Dear Diary, It's been seven weeks since my last confession. I feel spent. Everything is good, but nothing is right.
Once swallowed the piece of paper lodges in her oesophagus near her heart. Saliva-soaked. The specially prepared black ink dissolves slowly now, the letters losing their shapes. Within the human body, the word splits in two: substance and essence. When the former goes, the latter, formlessly abiding, may be absorbed into the body's tissues, since essences always seek carriers in matter — even if this is to be the cause of many misfortunes.
Thus begins The Books of Jacob, by Olga Tokarczuk. This is the first book I opened in my new home.
I have opened many books since then. I am unfocused.I still put store by the significance of firsts. I considered which friends I would first welcome here, the first champagne we would drink, the energy that would fill this space. The first painting I would hang. I am sentimental about the first lover I have yet to bring to this home.

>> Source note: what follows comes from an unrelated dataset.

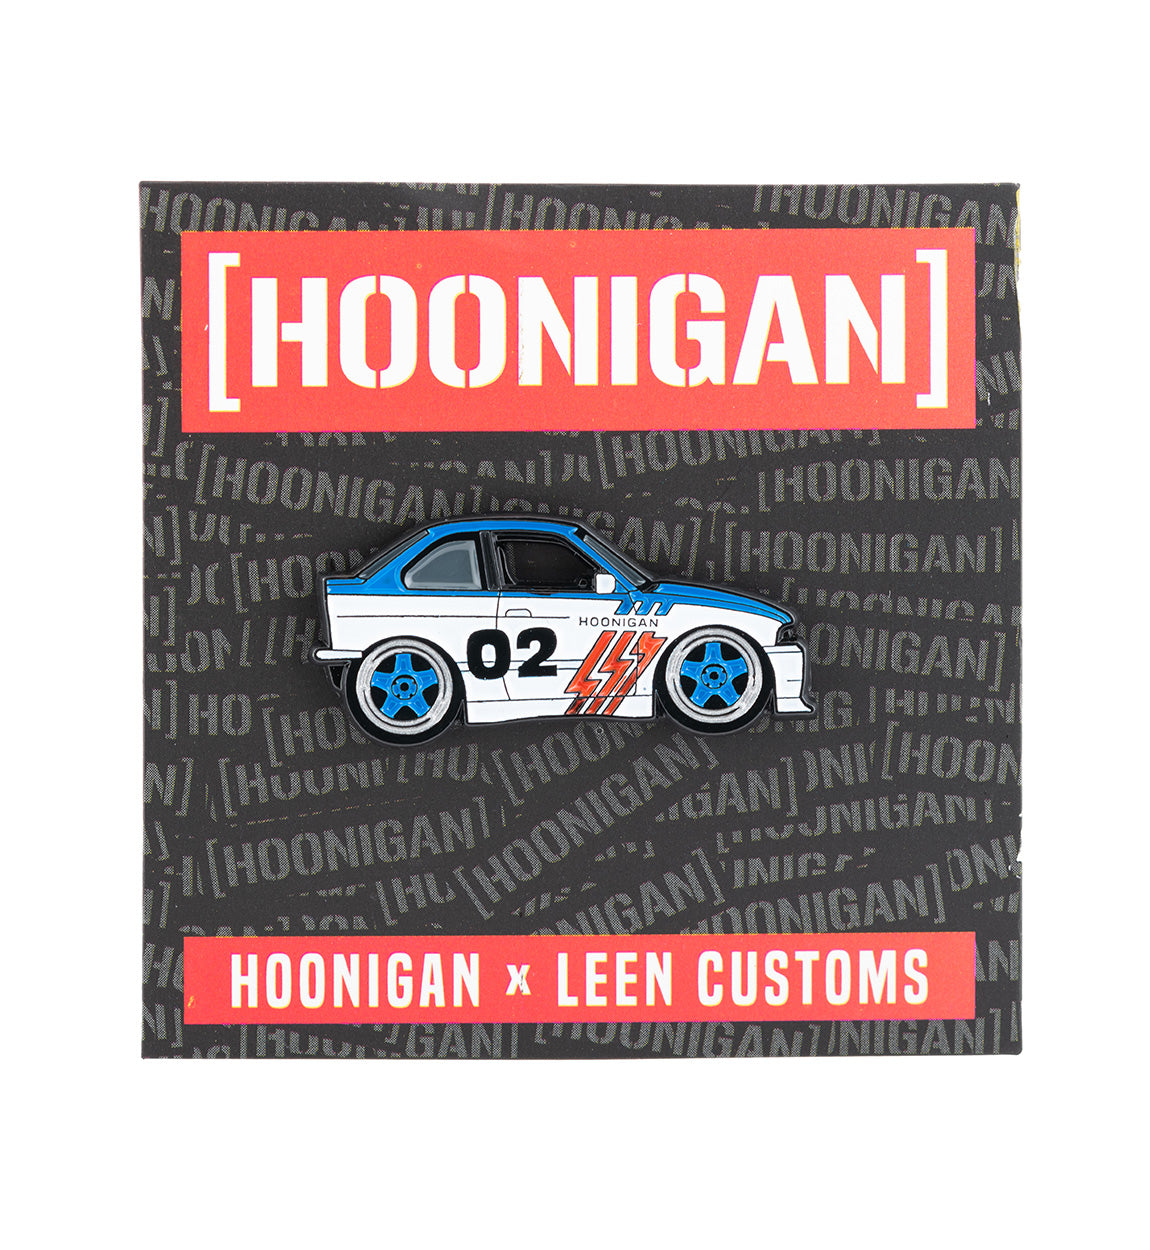 Hoonigan x Leen Customs Limited SHITCAR Collectible Pin

I harbour other superstitions. (Since when am I such a fool?) The keys were a sign. As I pulled them from my purse that first time, the chain pulled apart, keys clattered, and the Moroccan tassel fluttered to the floor. I don't know how I got in that first day. I have a million and five keys for this house, and only two of them fit one of the locks. Later that first day, I managed to snap the key to the basement door, still in its lock.
I have been beset by a million and five setbacks — mortgage complications, tax miscalculations, delivery delays, lost shipments, miscommunications. Any one of them is a barely perceptible glitch, but together they cause interference, a disruption; they give cause to take pause, reconsider the foundations.

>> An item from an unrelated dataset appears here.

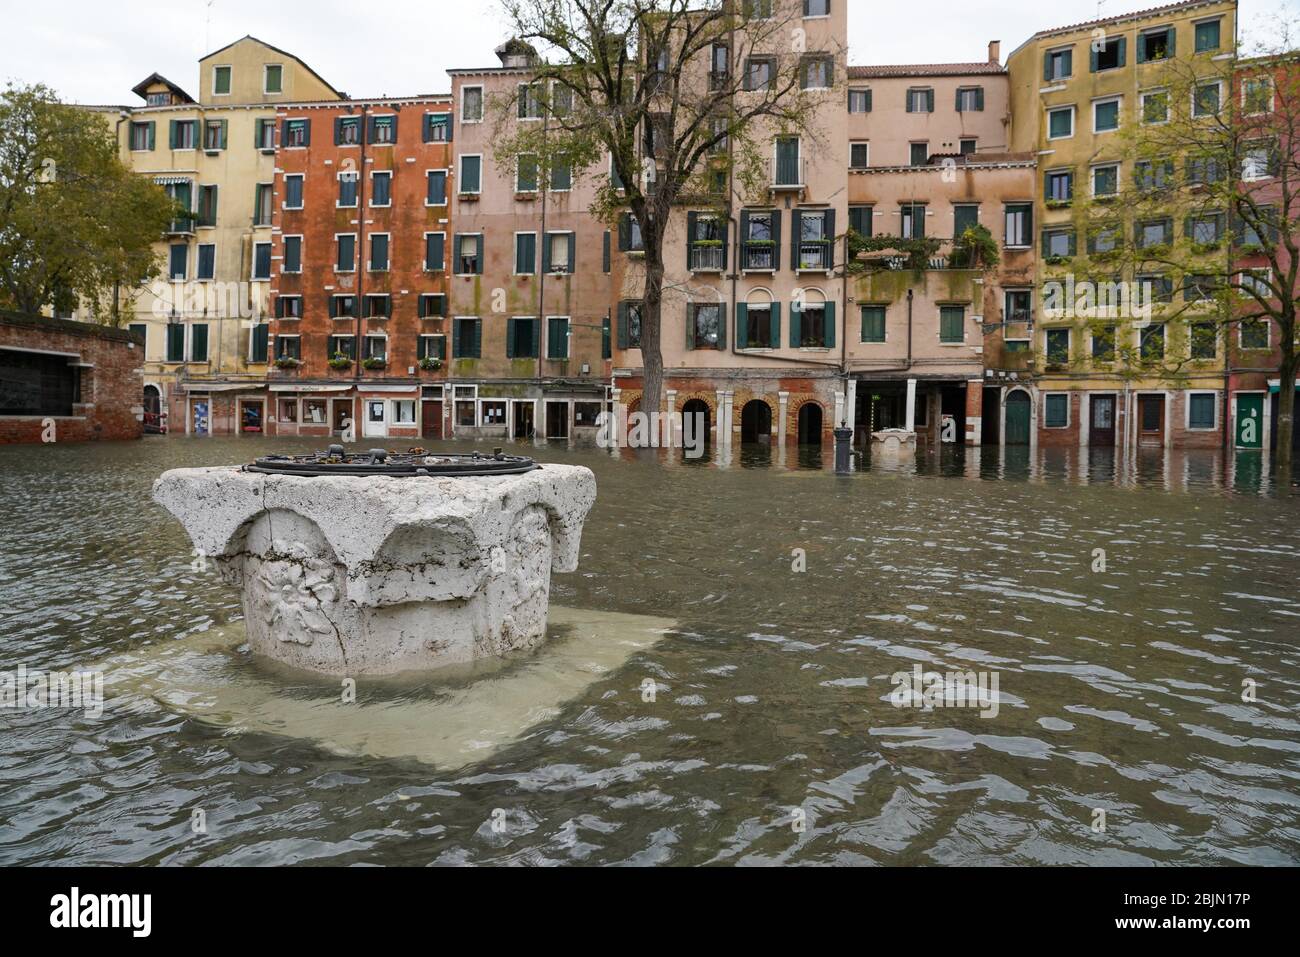 Marea alta en Venecia, plaza Ghetto, noviembre de 2019, Venecia, Italia, Europa Foto de stock

I am reading, but very little. I have cast some sculptures and am eager to clear a studiospace. I am on an 824-day streak of German lessons, but my heart is no longer in it. I still work too much. I still engage in real estate porn, to reassure myself that I made the right decision.
Things that are missing:
- My hotel-brand bathrobe, I'm sure I saw it amid the bagged blankets, but they're essentially all unpacked now
- The spare set of stone-carving tools, the ones in the cloth roll-up bag that I thought I could take to workshop because it wouldn't matter if any of them were inadvertently borrowed (maybe I took them that one day, maybe they were borrowed)
- A mailing tube containing Polish poster art, including one for Verdi's Makbet, or was it Don Giovanni, I remember pulling them out of the closet in the old place, now I have wall space for them and they're nowhere, was the tube thrown out with the disassembled boxes
- Romance, the ordinary kind, it doesn't have to be literary or heroic
I still feel like an essence not fully settled into its carrier, perhaps because the carrier is not clearly defined. Remnants of the previous owner linger; my essence is confused by them, grazes past them, hesitates before setting down.
This home is vast and drafty and quirky, it needs my labour and love.